Todo mundo me ama. Todo mundo gosta de mim. Agora, o evangelho não é só isso. O evangelho tem partes difíceis e que, por serem difíceis, nós queremos assim varrer para debaixo do tapete. Quais partes são essas? As pessoas precisam ouvir sobre o arrependimento, sobre salvação, sobre ressurreição. Eu acrescentaria aqui na lista da lição, as pessoas precisam ouvir sobre o juízo, sobre a ira de Deus. Sabe por quê? Porque essa mensagem que Jesus te ama e morreu por você, ela fica deslocada. Se a mensagem da ira e do juízo não for apresentada, por que Jesus morreu
por mim? Porque a ira de Deus deveria cair sobre mim e não sobre ele, mas caiu sobre ele para que eu tivesse uma segunda oportunidade de ser perdoado e de viver em novidade da de vida. Então, a morte de Jesus, que é o centro do evangelho, só faz sentido se eu apresentar também a realidade da ira e do juízo. E Paulo faz exatamente isso. Olha aqui, Paulo vai terminar aqui o seu discurso, ó, verso 31. porquanto estabeleceu um dia em que há de julgar o mundo com justiça. Paulo vai falar do juízo também, que é
uma parte desafiadora na pregação do evangelho. Então está aqui o esquema: façamos como Paulo fez. E com base nesses passos, eu queria aqui passar alguns exemplos práticos com você. Como nós vamos aplicar essa estratégia apologética de Paulo num contexto mais atual como nosso. Eu separei dois exemplos. O primeiro deles é o seguinte. Imagina que você esteja lidando com uma pessoa que diga, que fale assim: "Olha, eu não preciso de Deus e nem preciso de religião para fazer o bem, para viver corretamente. Eu sou uma pessoa boa, eu sou uma pessoa justa, mesmo sem acreditar em
Deus, mesmo sem frequentar igreja, mesmo sem ter religião. Como é que você vai lidar com essa pessoa? Você vai chegar para ela e vai falar assim: "Olha, você é hipócrita. O seu coração está cheio de justiça própria.

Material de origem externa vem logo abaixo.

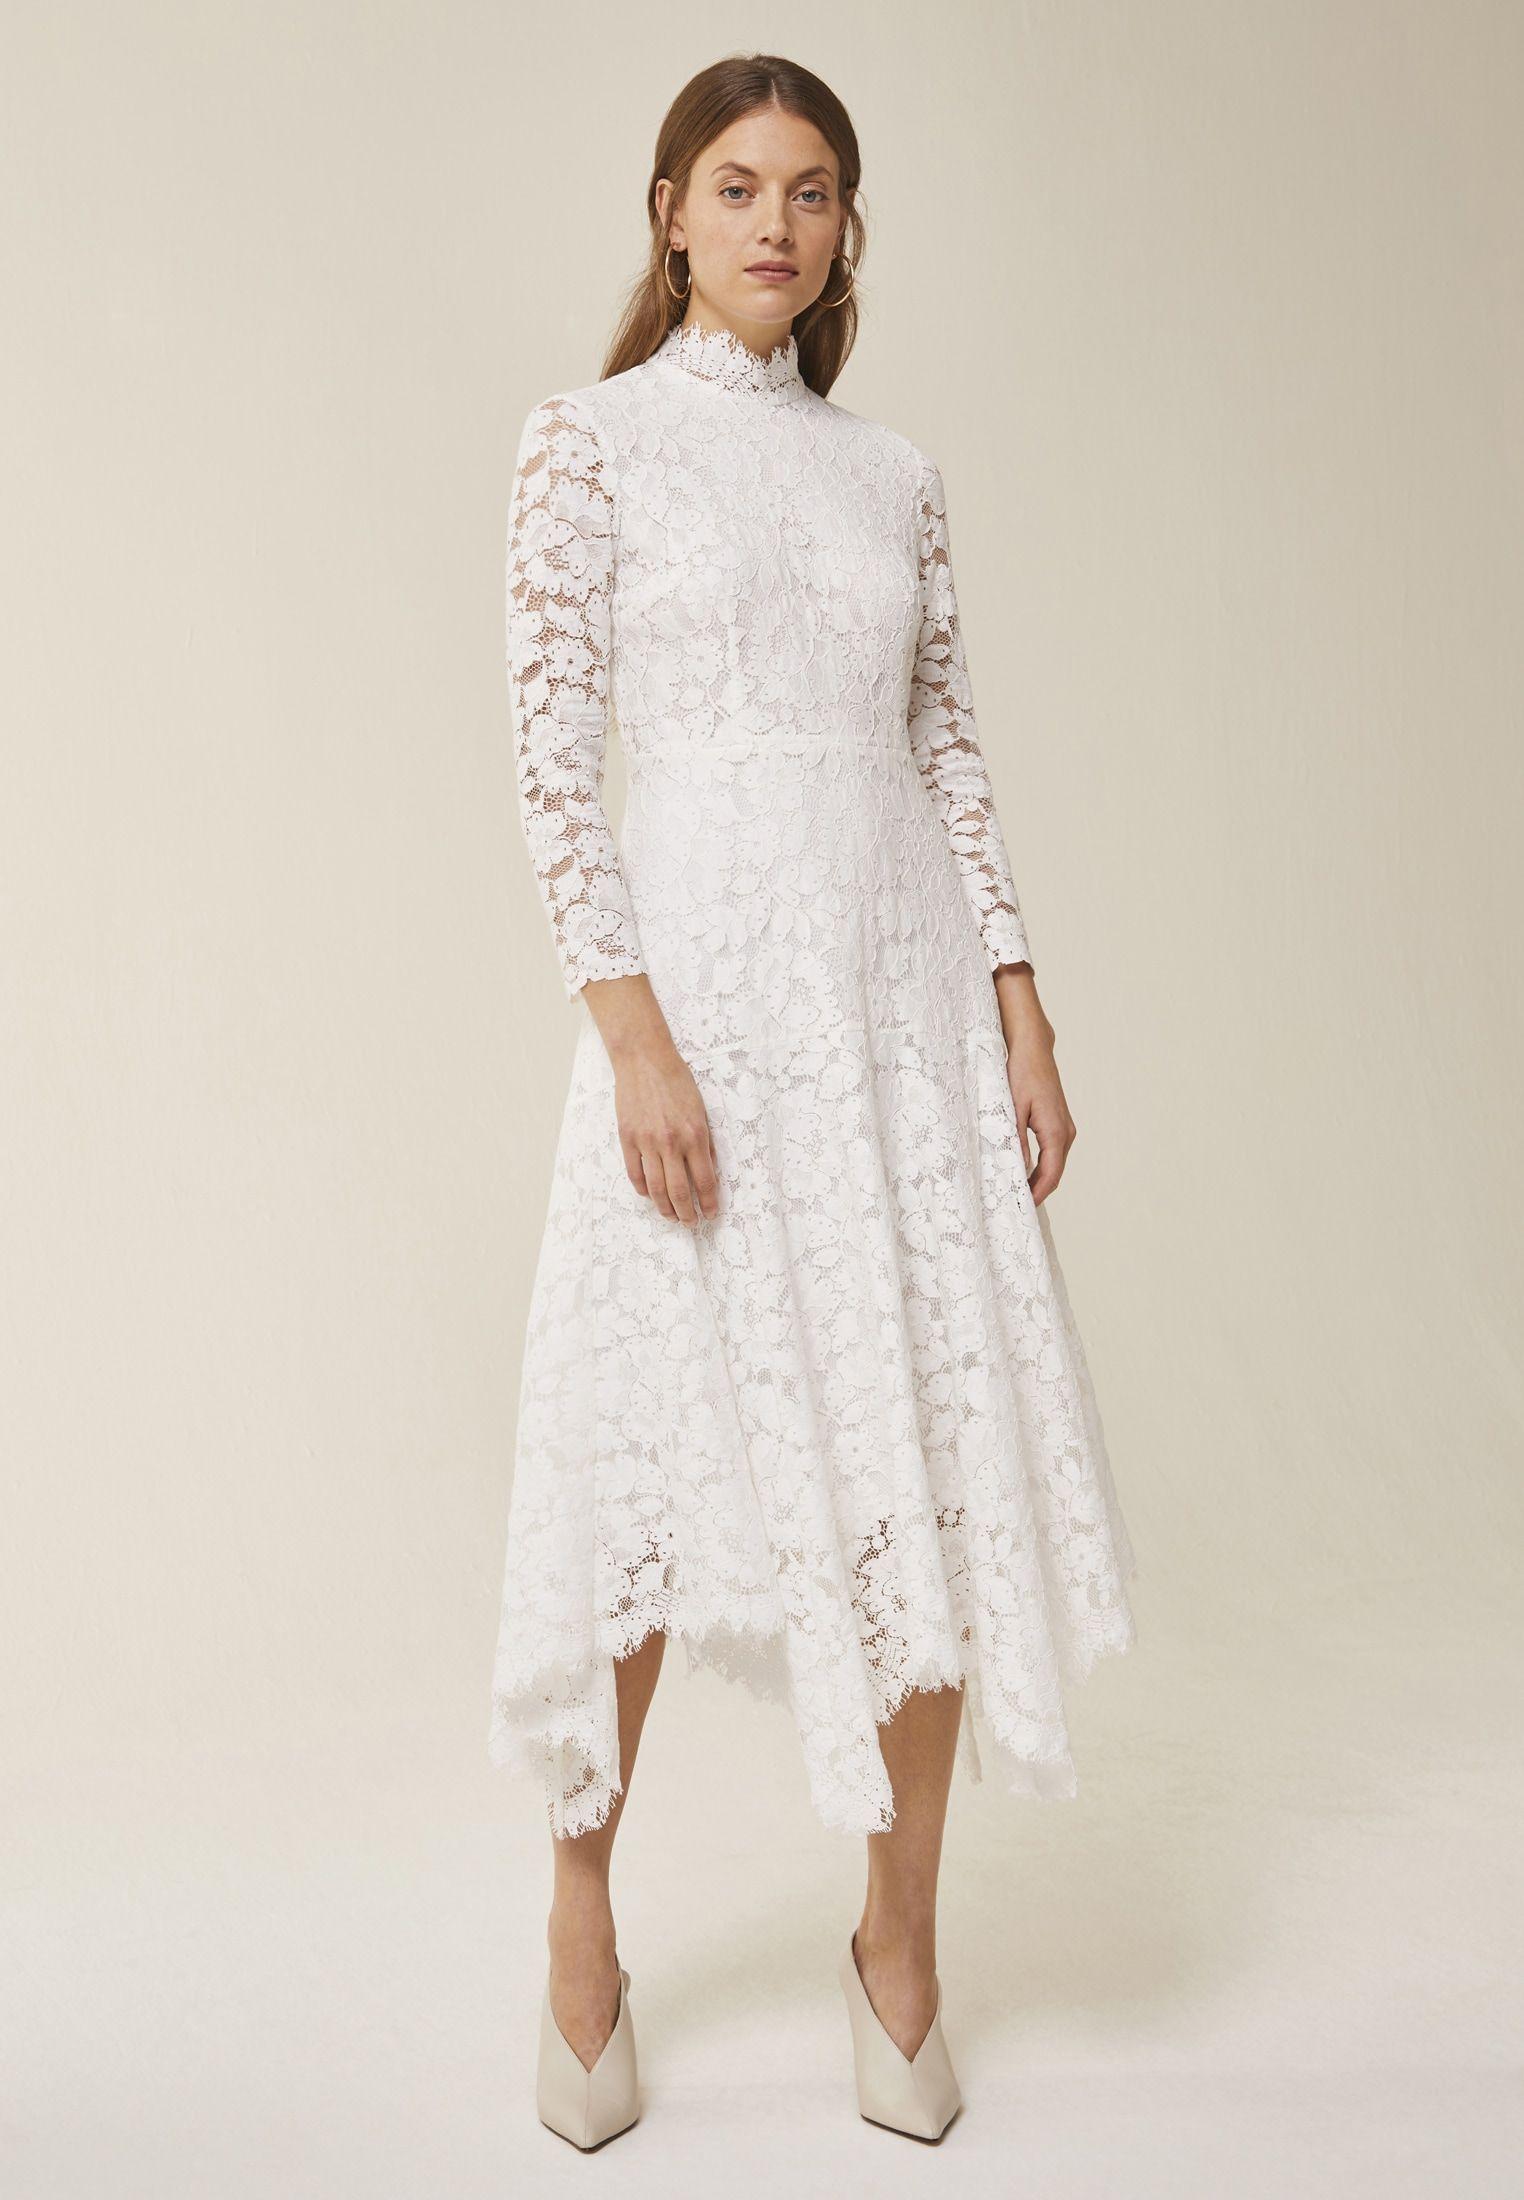 ivy & oak occasion wear - snow white - zalando.de in 2020

Você não conhece a justiça de Deus, você é orgulhoso." Você vai falar dessa maneira? Não, você não vai falar dessa maneira porque você vai estar a a destruindo a boa disposição da pessoa em ouvir. Você vai começar como Paulo, como Paulo começou com elogio. Varões atenienses, em tudo vejo que vocês são muito religiosos. Você também vai começar com
um elogio a partir da cultura da pessoa. Como seria isso na prática? Comece elogiando o que a pessoa vê. Então você poderia dizer para essa pessoa: "Olha, você está correto ao buscar fazer o bem e viver corretamente? Isso é sabedoria da sua parte. Mas então você vai aprofundar a questão da mesma forma que Deus que Paulo aprofundou a questão falando altar a Deus desconhecido. Você poderia falar assim: "Olha, você quer viver bem, quer fazer o certo, mas qual é a sua base de moralidade? Por que você dá valor a ser correto? Se Deus não existe
e existe apenas a matéria, por que alguém deveria se preocupar em fazer o bem? Você não deveria apenas viver aí com base na matéria, satisfazendo os seus desejos, ainda que os seus desejos possam fazer mal às outras pessoas. Se Deus não existe, qual é a fonte da sua moralidade? Aliás, como você pode classificar uma coisa como boa ou como má? Perceba que diante então de um assunto difícil, você não ficou tentando se justificar. Você fez uma pergunta para outra pessoa, como nós vimos na semana passada. Construiu então uma ponte da cultura com o assunto que
você vai falar, é a hora de conectar o tema religioso. Conecte a fé cristã dizendo o seguinte: "Olha, a fé cristã oferece um fundamento para a moral em que você acredita. Você é um defensor que nós devemos fazer o que é certo, mas quem define o que é certo? Por que fazer o que é certo? De onde vem o certo e o errado?" A fé cristã oferece um fundamento para isso. O certo e o errado vem da ordem que Deus instituiu ao criar o universo. Pronto. A partir de um ponto da cultura do outro, você
já introduziu o tema da fé cristã, da Bíblia, da religião de Jesus Cristo. E você vai aprofundar aqui. Nós seguimos a mesma estrutura que Paulo usou. Vamos ver aqui mais um exemplo. Imagine que você esteja lidando com uma pessoa que diga assim: "Eu só acredito na ciência. Se não é científico, então é superstição. E eu acho que religião é superstição também, porque a ciência não prova nada dessa coisa de religião. A ciência não prova que Deus existe. A ciência não prova que existe vida após a morte. Nada disso é científico. Então, religião é uma superstição.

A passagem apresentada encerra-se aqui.